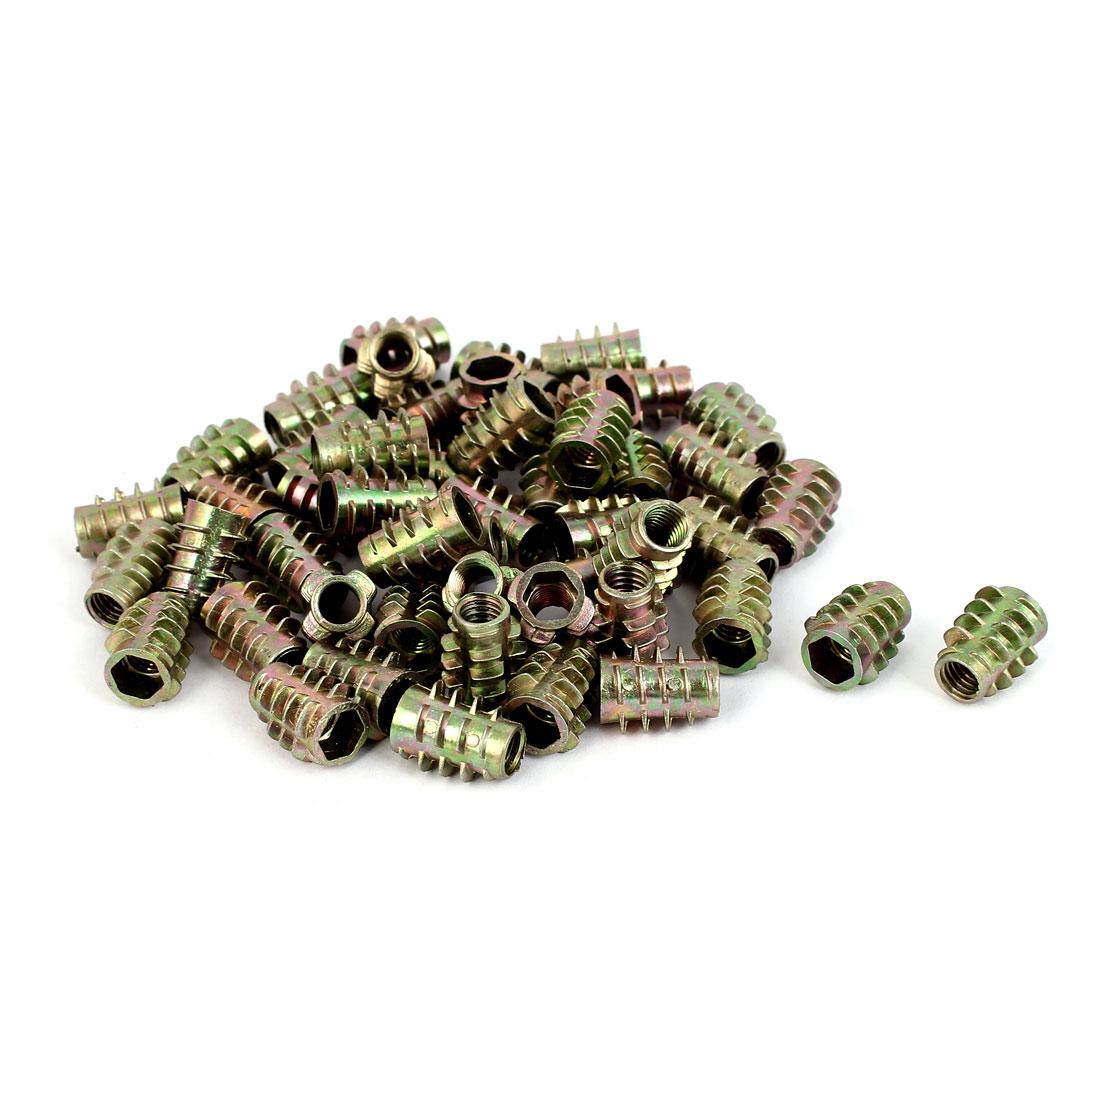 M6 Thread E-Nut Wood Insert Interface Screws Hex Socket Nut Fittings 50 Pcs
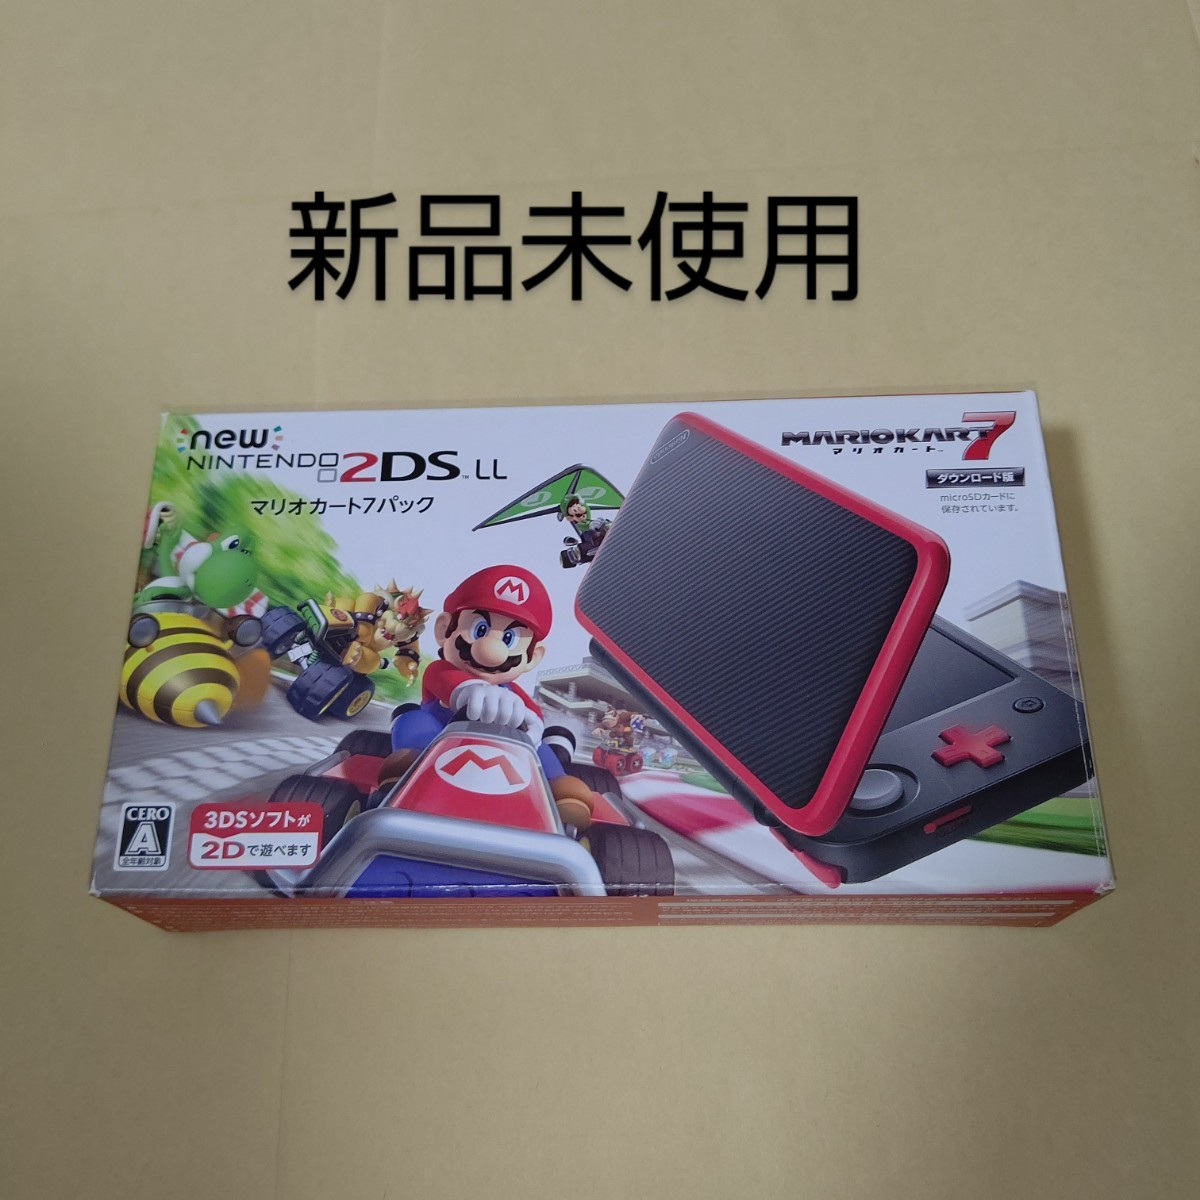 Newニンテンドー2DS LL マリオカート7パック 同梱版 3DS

- - -

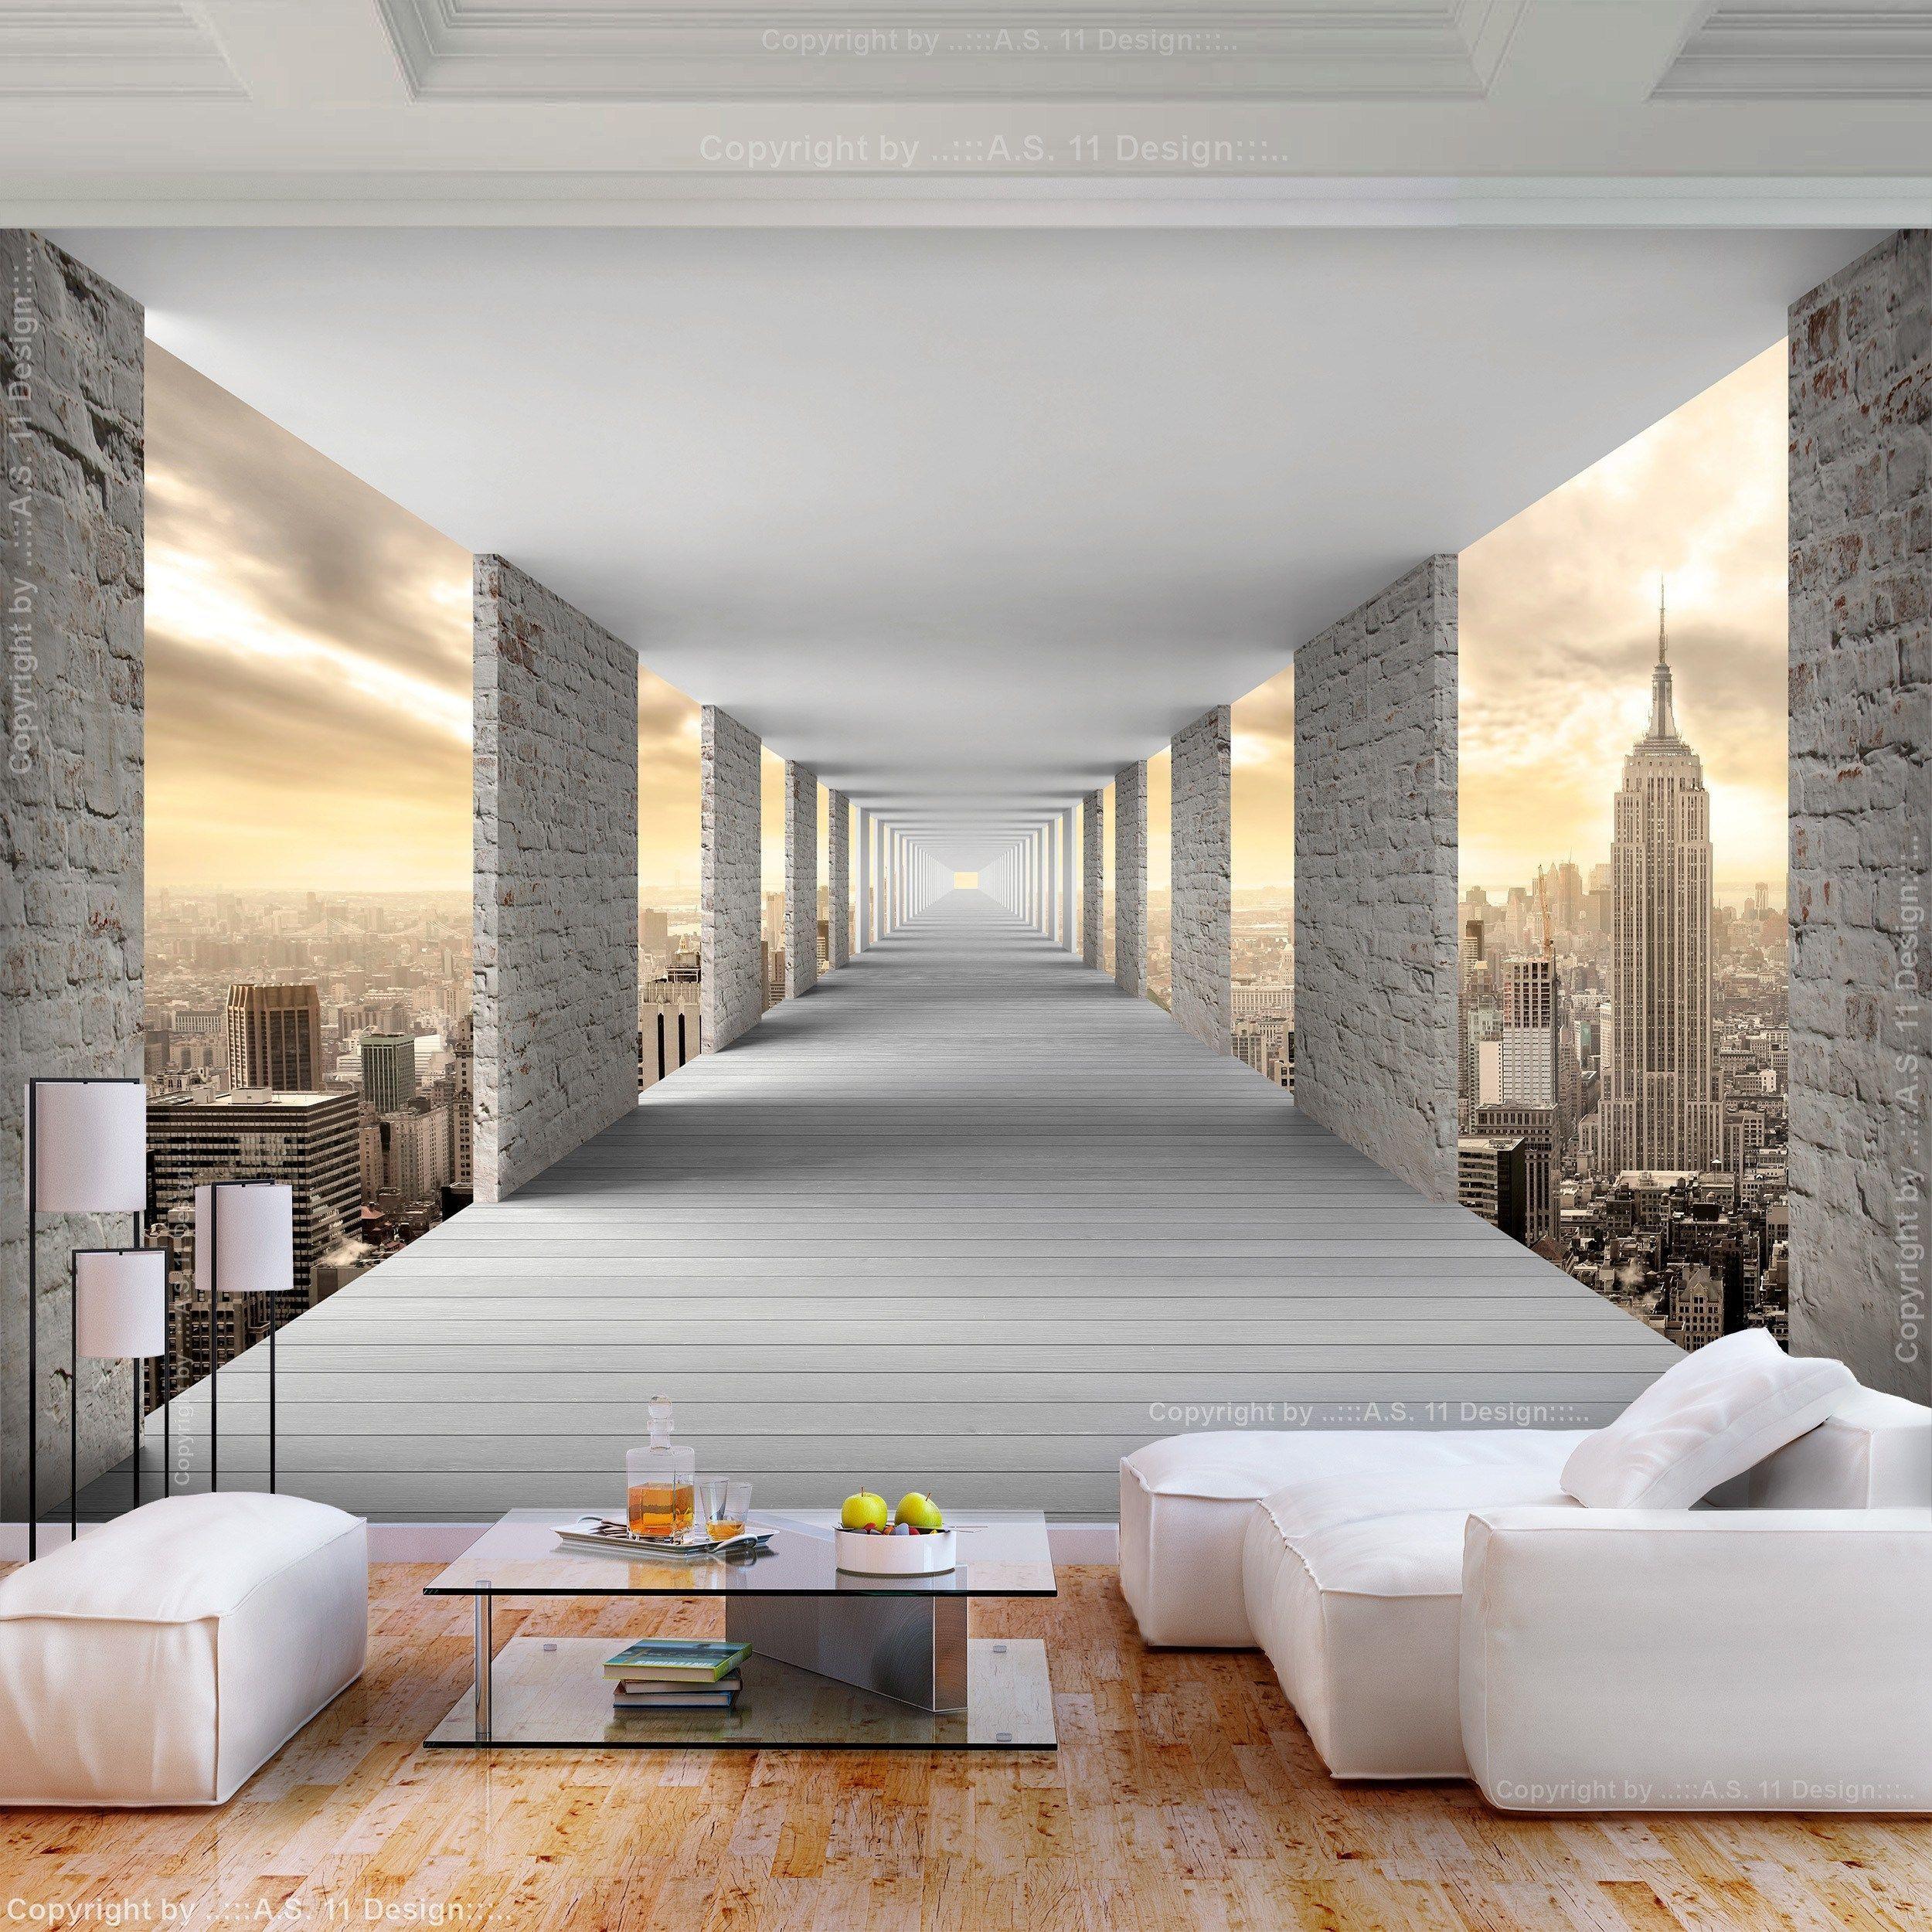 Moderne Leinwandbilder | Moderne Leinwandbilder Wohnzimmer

- - -

**Your task**.
Set the pictures aside and transcribe exactly the stretch of lines above, beginning with the one holding "M6 Thread E-Nut" and ending with the one holding "Newニンテンドー2DS LL マリオカート7パック 同梱版 3DS".

**Answer to this task**.
 M6 Thread E-Nut Wood Insert Interface Screws Hex Socket Nut Fittings 50 Pcs
 Newニンテンドー2DS LL マリオカート7パック 同梱版 3DS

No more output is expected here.